The remainder of the paper is organized as follows: Sect. 2 discusses the potential impact of RSP4J in terms of use-cases, and afterwards presents the requirement analysis. Section 3 presents the background, concepts and definitions used throughout the rest of the paper, while Sect. 4 outlines architecture of RSP4J, its modules, and shows how it satisfies the requirements. In Sect. 5, we presents the related work. Finally, Sect. 6 concludes the paper and summarizes the most important contributions for RSP4J as a resource.

2 Impact: Use Cases and Requirements for an RSPQL API

In this section, we discuss the potential impact of RSP4J as a resource. To this extent, we present different use cases that concern state-of-the-art prototypes for Stream Reasoning and RDF Stream Processing. We highlight the challenges that such use cases unveil, and we elicit a set of requirements for RSP4J in order to address such challenges. Table 1 summarizes the relationship between the challenges (C\(_i\)) and requirements (R\(_j\)).

2.1 Use Cases

Fast Prototyping. In 2008, the first Stream Reasoner prototype came out [31]. Since then, the SR community has designed a number of working prototypes [5, 8, 19, 23], with the intent of proving the feasibility of the vision. E-health, smart cities, and financial transaction are examples of use cases where such prototypes were successfully used. Nevertheless, the effort of designing and engineering good prototypes is extremely high, and often their maintenance is unsustainable. In fact, prototypes are often designed with a minimal set of requirements and without shared design principles. In such scenarios (C1) adding new operators, (C2) new types of data sources to consume, or (C3) experimenting with new optimisations techniques requires huge manual efforts or is almost impossible.

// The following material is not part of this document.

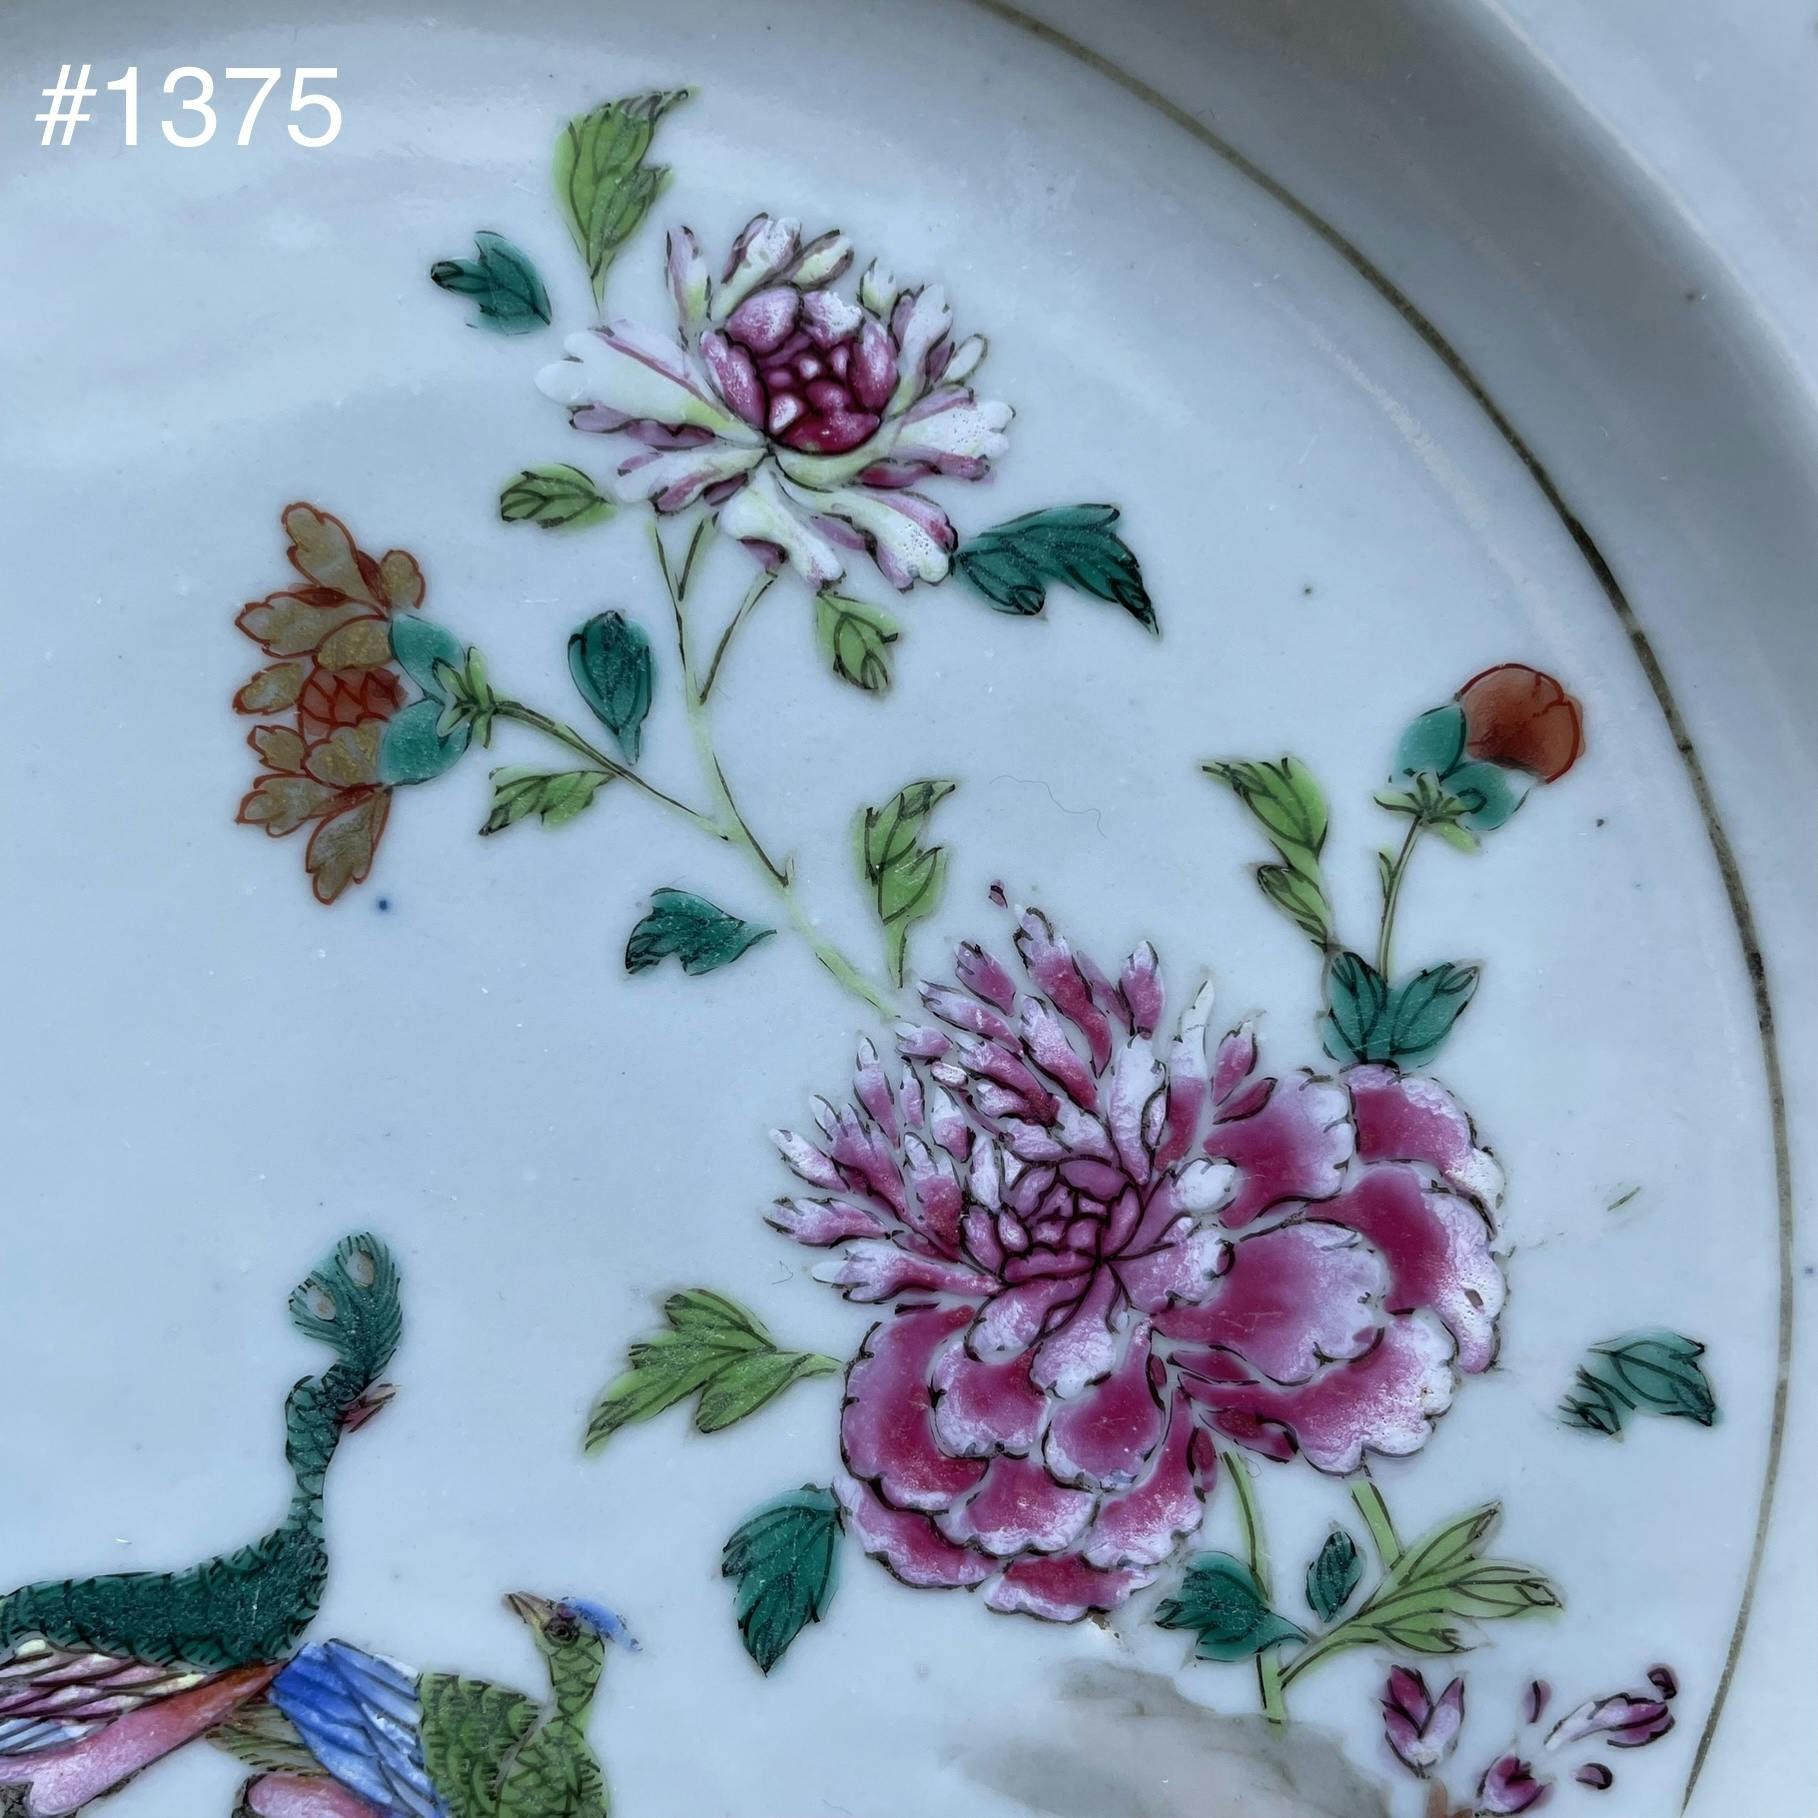 A pair of Antique Chinese export famille rose plates Qianlong #1360 & 1375

Comparable Research and Benchmarking. Aside developing proof-of-concepts, the SR/RSP communities have focused a lot on Comparative Research (CR) [24, 27] and benchmarking [3, 18, 22, 26, 32]. CR studies the differences and similarities across SR/RSP approaches. Stream Reasoners and RSP engines can only be compared when they employ the same semantics. Thus, a fair comparison demands a deep theoretical comprehension of the approaches, a proper formulation of the task to solve, and an adequate experimentation environment [28]. Consequently, it is currently hard to (C4) reproduce the behavior of existing approaches in a comparable way. Moreover, experimentation is limited by (C5) the lack of parametric solutions, i.e. the configurability of the operators allowing to match engine behavior. On the other hand, research on benchmarking aims at pushing the technological progress by guaranteeing a fair assessment. While some of the challenges are shared with CR [27, 28], benchmarking is empirical research. To this extent, (C6) monitoring both the execution of continuous queries, as well as (C7) the engine behavior at run-time are of paramount importance. Unfortunately, not all the existing prototypes provide such entry points, and only black-box analysis is possible, e.g. it is impossible to measure the performance of each of the engine’s internal operators.

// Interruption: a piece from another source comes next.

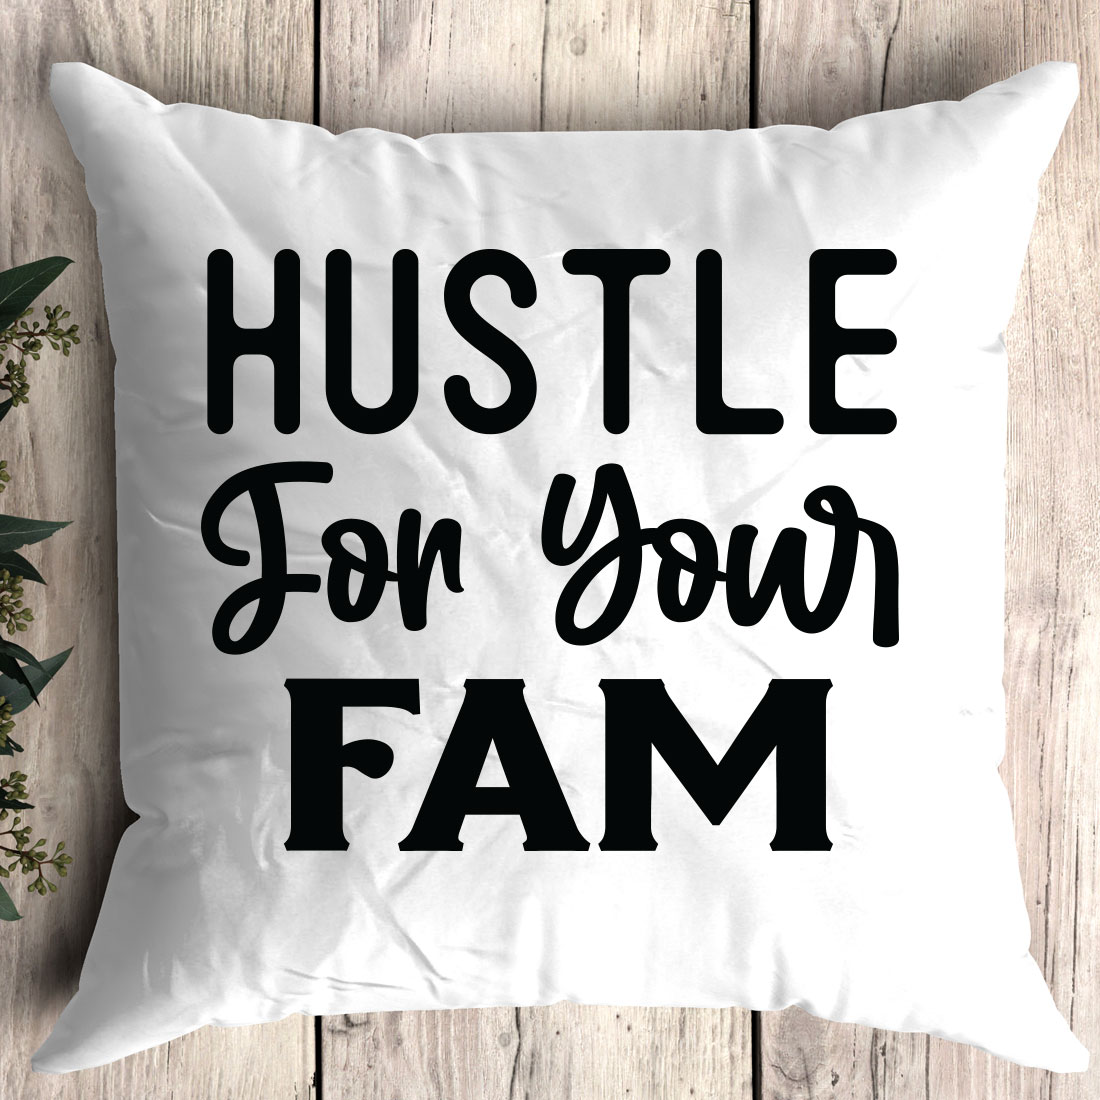 Pillow that says hustle for your fam.

Dissemination. Although SR research is at its infancy, a lot has been done on the teaching side. As prototypes and approaches reach maturity, several tutorials and lectures were delivered at major venues, including ICWE, ESWC, ISWC, RW, and TheWebConf [10, 11, 15]. These tutorials were often practical and aimed at engaging with their audience using simple yet meaningful applications. Nevertheless, existing prototypes were not designed for teaching purposes. Thus, they lack important features like the possibility to (C8) inspect the engine behaviors and (C9) they are not designed to ease the understanding at various levels of abstraction. Indeed, prototypes often (C10) neglect their full compliance to the underlying theoretical framework for practical reasons. Although this approach often benefits performance, it makes the learning curve more steep.

2.2 Requirements

Table 1. Challenges vs Requirements

Now we present the requirements that an RSPQL API should satisfy. We elicit the requirements from the challenges presented above. Although the requirements could be generalized for any RSP engine and Stream Reasoner, we restrict our focus to Window-based RDF Stream Processing Engines, i.e., those covered by the RSPQL specification.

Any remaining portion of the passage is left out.